TRADING NOTE: We trade the whole market frequently. We call it rolling the Dow. Throughout the years the Dow 30 forms rolling patterns. We trade options for this type of trade. See the “Rolling the Dow” section. While there is not a penny for penny correlation, we’ve noticed when the Dow goes up 100 points the options (leveraged at a fraction of the cost) goes up 50¢.
OPTIONS: So I may as well bring up options. There are no options on Mutual Funds. ETFs however trade like stocks, and therefore have options—calls and puts, meaning all of their uses.
- Straight Options. You can buy and sell calls and puts. They have regular expiration dates (like the 3rd Friday) and now many have weekly options. Not all ETFs have options.
- You can Write Covered Calls. You can buy the stock of an ETF and sell to someone the right to buy your stock. These premiums are not that high, as the group of stocks will have less volatility than a single stock within its collection. If you think you may want to Write Covered Calls now or in the future, make sure you buy them in 100 share lots.
- This is the same argument for diversification: There is safety in numbers.
- You can do spreads: Bull Call Spreads, and Bull Put Spreads, to name two out of the four types of spreads.
- You can buy and sell options with short-term expiration dates or with a long-term horizon.
VARIETY: Like Mutual Funds you can choose how you want to invest and where. Let’s say you like India, or Europe, you can zero in on Funds that specialize in those geographic regions. You can also chose an industry, like Manufacturing, or High-Tech. And now you can diversify by owning stock in an ETF that owns stocks in other ETFs. That’s not meant as a joke, but it is a bit humorous. I remember the day when Mutual Funds came into existence—ostensibly to help people who don’t like to choose. Now there seems to be more Mutual Funds, and now ETFs than there are stocks.

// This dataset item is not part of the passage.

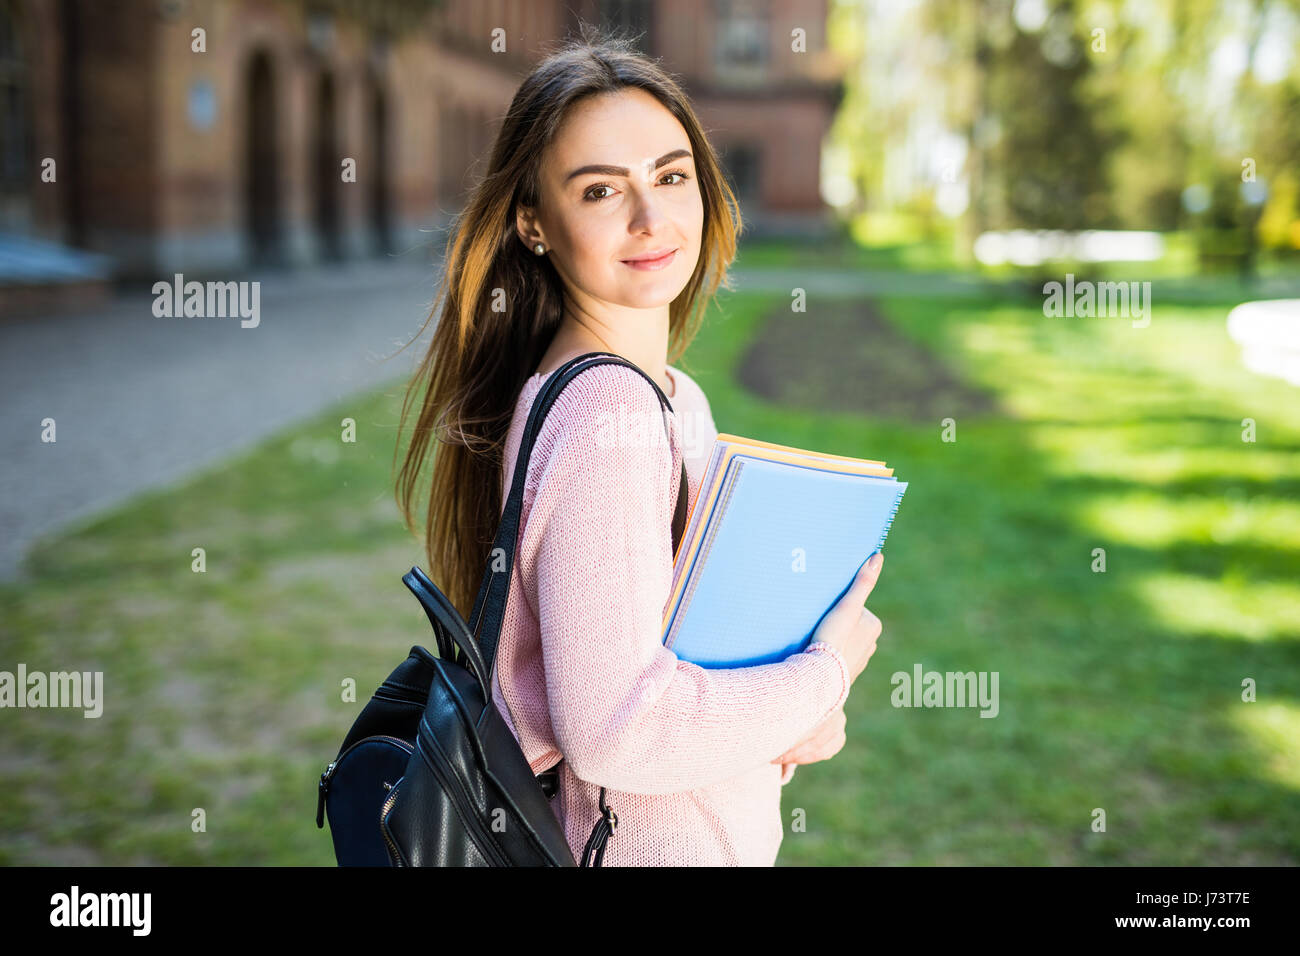 University student girl looking happy smiling with book or notebook in campus park. Caucasian young woman female model. Stock Photo
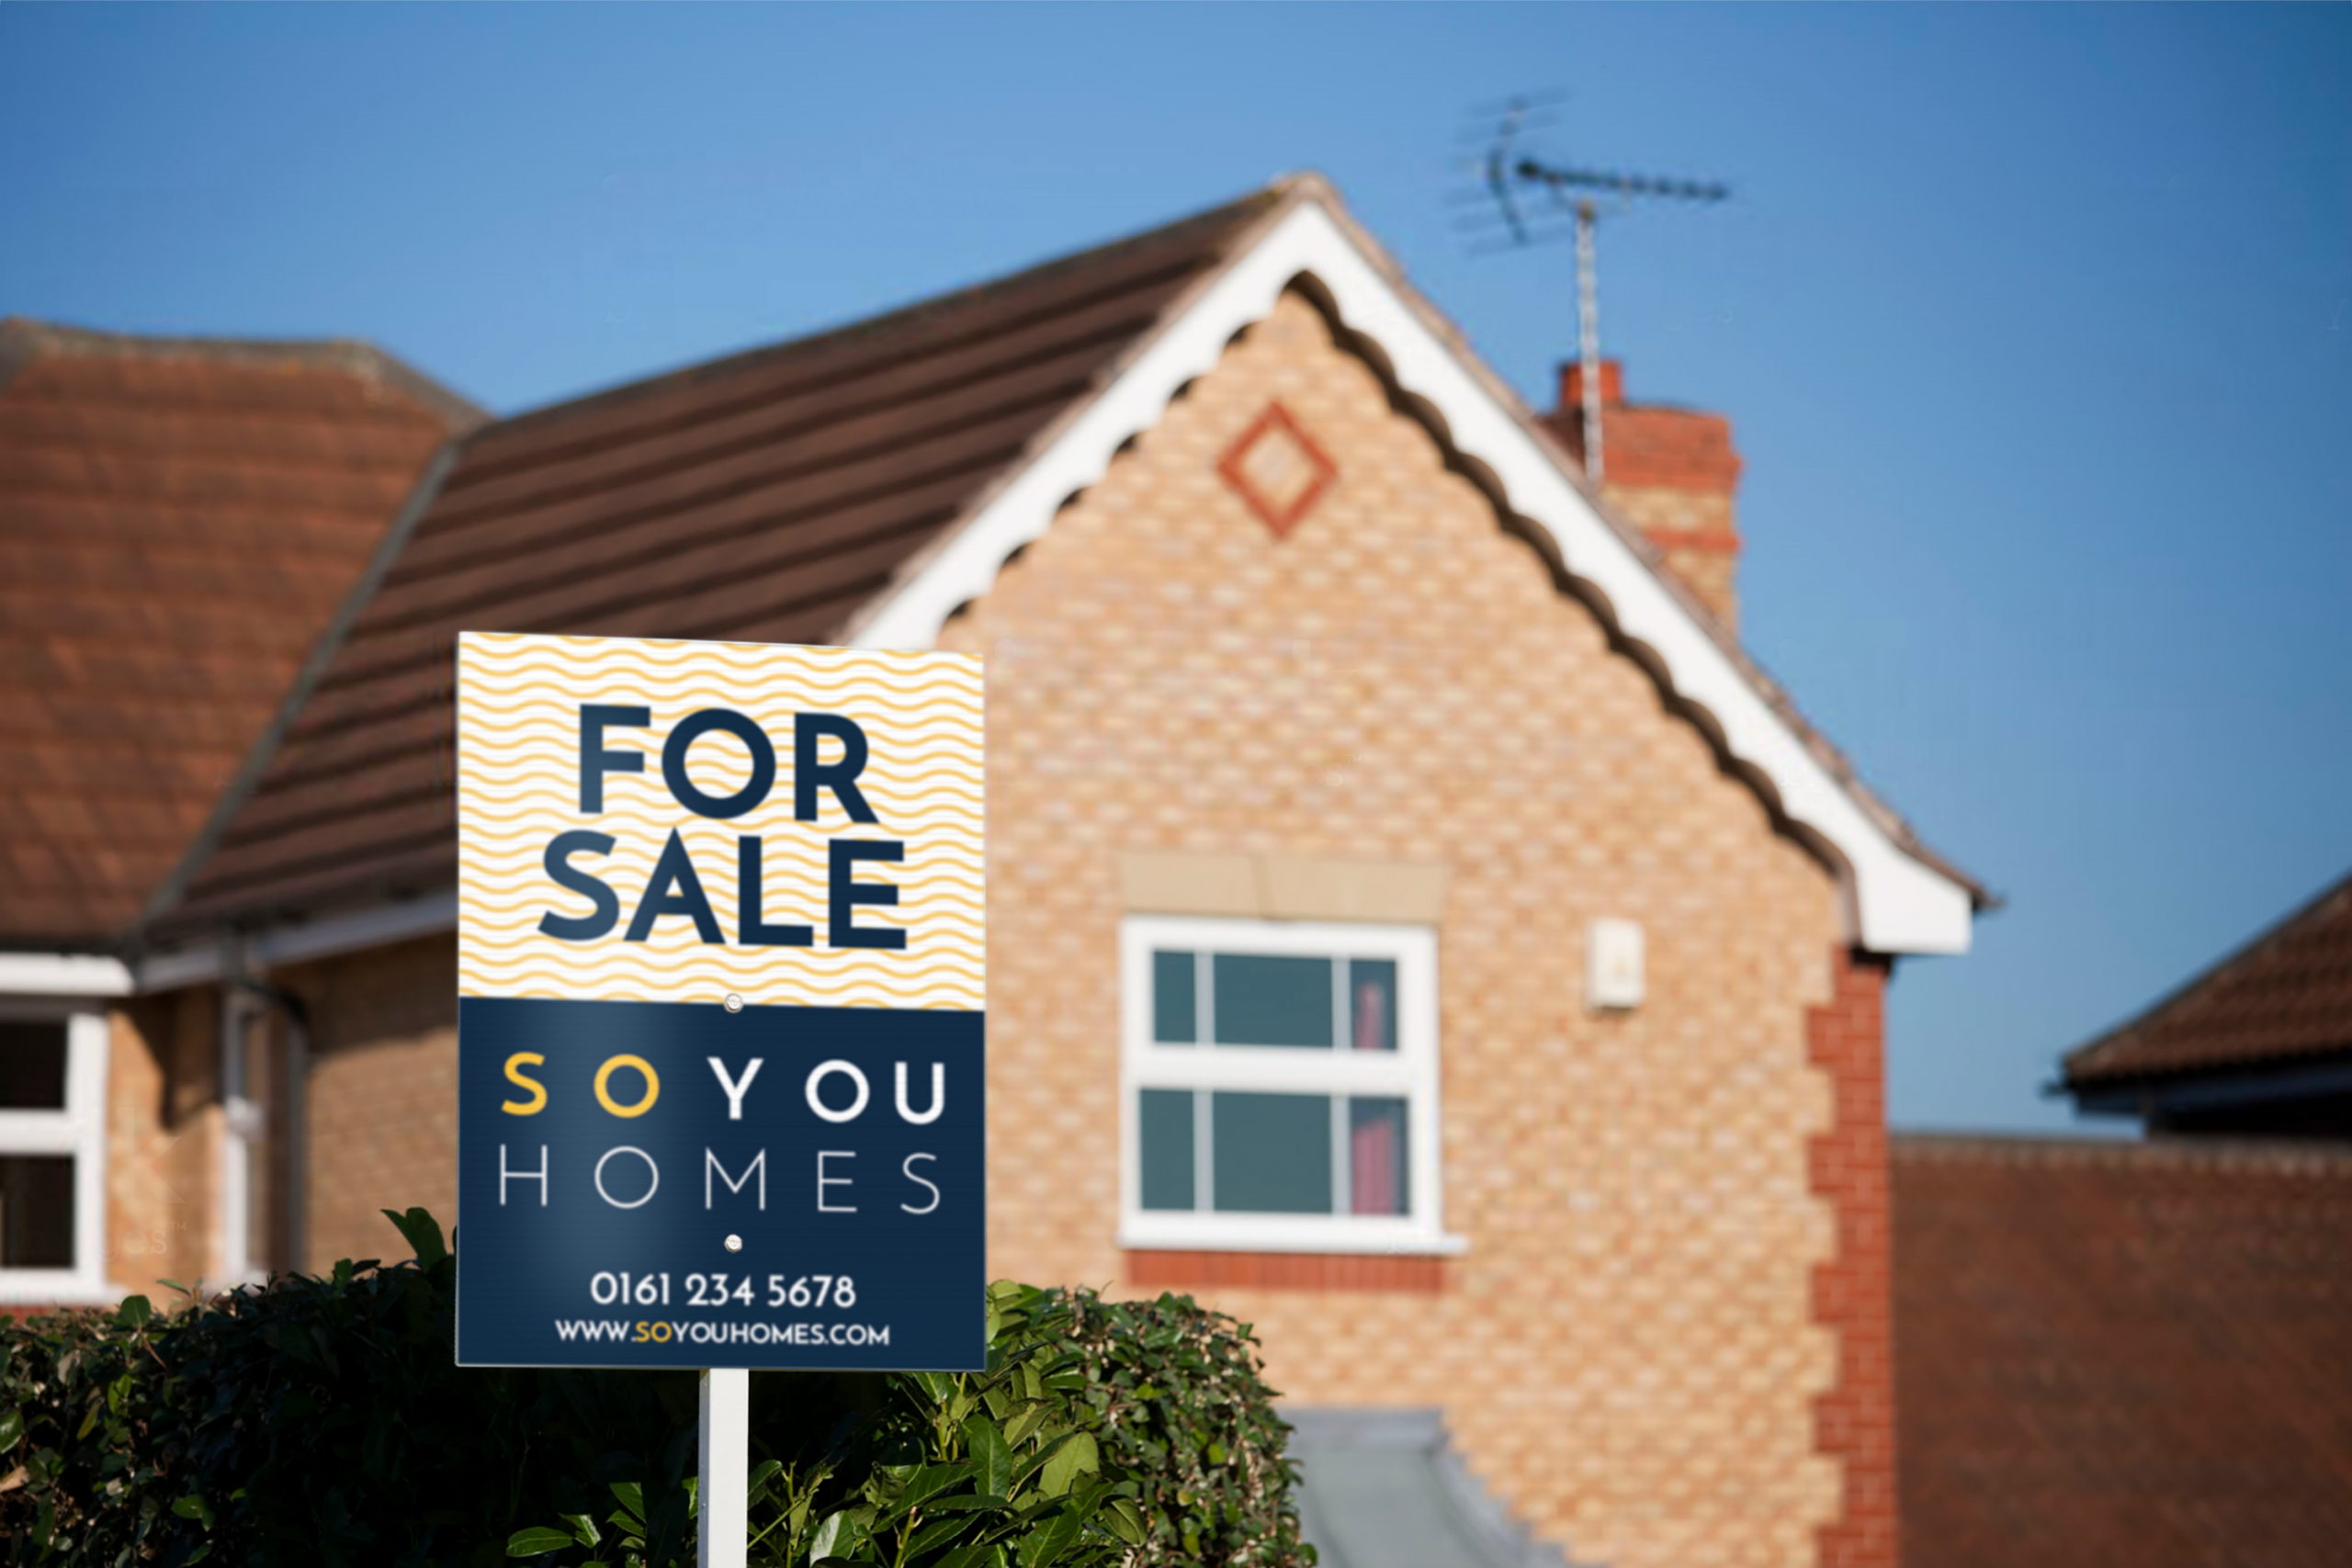 So You Homes For Sale Sign with patterned background, infront of house

DIVIDENDS: Dividends have become very popular with many investors as their need for income increases. Mutual Funds collect the Dividends from the companies/stocks they own and add them to the asset base. The accounting (read that tax) is done differently. Read their Prospectus to see how their Dividends are treated.
With ETFs there are two ways, and again you can ascertain this before you invest. One is that the Dividends are held in Trust and then used to buy more stock at certain times. This should increase the value of your stock. The other way is that the Dividends received from the companies are held for a short time and then distributed. It’s kinda cool. Your account may end up with a whole lot of $1.43, $3.90 and $5.22 deposits. It’s just cash. You can use it for whatever you like. One advantage is that you learn which companies actually pay dividends. See the DRIPS section.
If you like Dividends you may want to look at SDY. The D stands for Dividends. This is an ETF (SPDR) which has taken 500 out of 1,500 stocks in the S & P, which have raised their Dividends at least for 25 years in a row.
One note of importance. The DIA pays a Dividend yield of about 2.5%. If you have investments making less than this, meet with you Financial Advisor and see how you can re-allocate your investments.
You should look seriously at how these dividends affect you trading goals. Adjust your trading strategies wisely and prudently.